American Civil Rights and Women’s Rights Activist Pauli Murray Teaches at Brandeis 1968-1973

Pauli Murray at Brandeis

Arriving at Brandeis in the fall of 1968, Pauli Murray introduced the first courses at the university in Legal Studies, African-American Studies, and Women’s Studies. Murray was given the Louis Stulberg Chair in Law and Politics in 1971, receiving tenure as Full Professor in American Studies. The courses she regularly taught included “American Legal Systems,”  “Law and Social Change,”  “Civil Rights and Black Power,” and “Women in American Society.”

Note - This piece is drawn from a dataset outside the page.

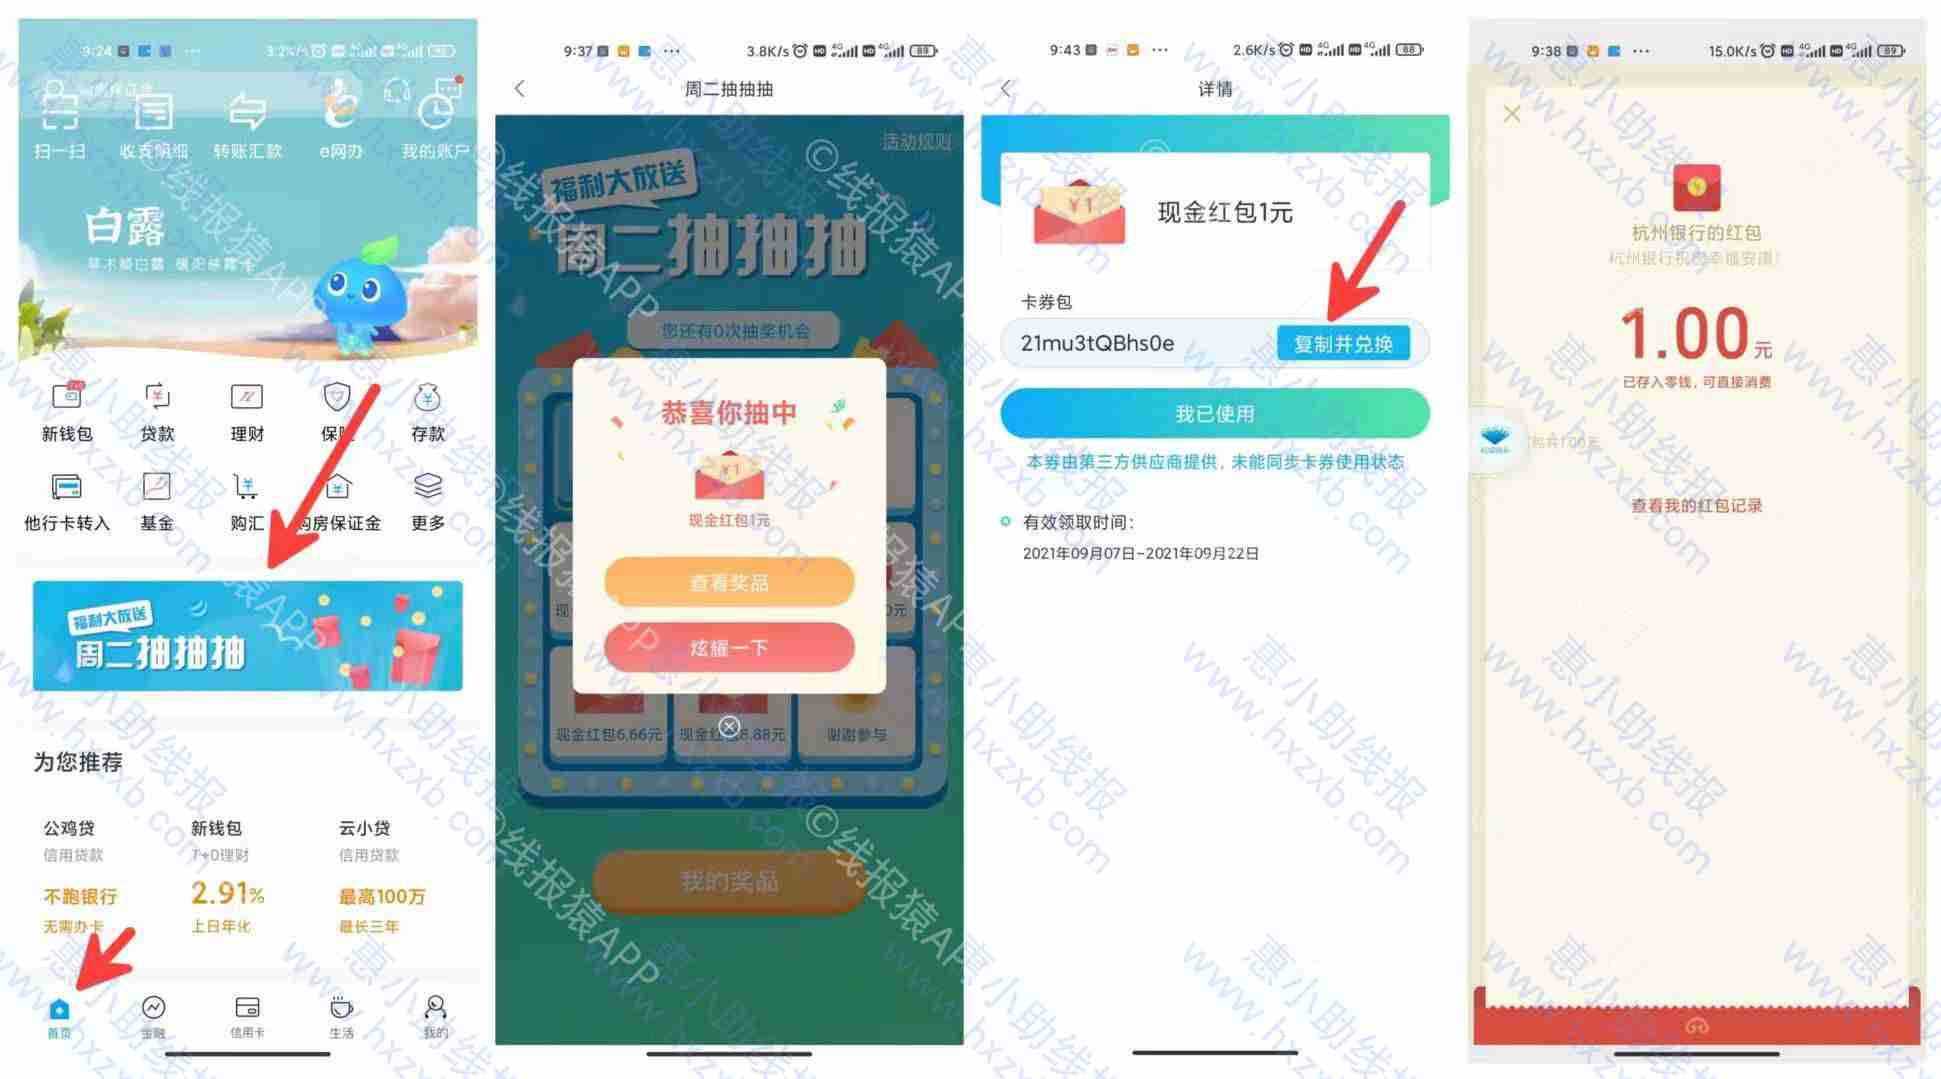 杭州银行周二抽红包0.58-100新用户有微信红包

Murray’s innovative women’s studies course drew upon materials from “anthropologists, sociologists, psychologists, historians, lawyers, theologians, writers in the field of fiction and criticism”; themes included women’s legal rights, employment, education, the professions, religion, politics, home and community.  Incorporating  a comparative and international focus, the course  examined “the relation of the women’s movement to the liberation of men.” All of this was quite novel and  impressive in 1968.

Murray was  the chief architect of the battle to improve women’s status at all levels on campus. Largely due to her persistence, the Dean appointed a Committee on the Status of Women. Murray and the small group of women colleagues who joined her in confronting problems of sexism at the university laid the seeds for Brandeis’ Women’s Studies Program and for the creation of an affirmative action office.

Murray  left Brandeis in 1973 to enter the Episcopal Seminary. In her memoirs, she described her five years at Brandeis as “the most exciting, tormenting, satisfying, embattled, frustrated, and at times triumphant period of my secular career.”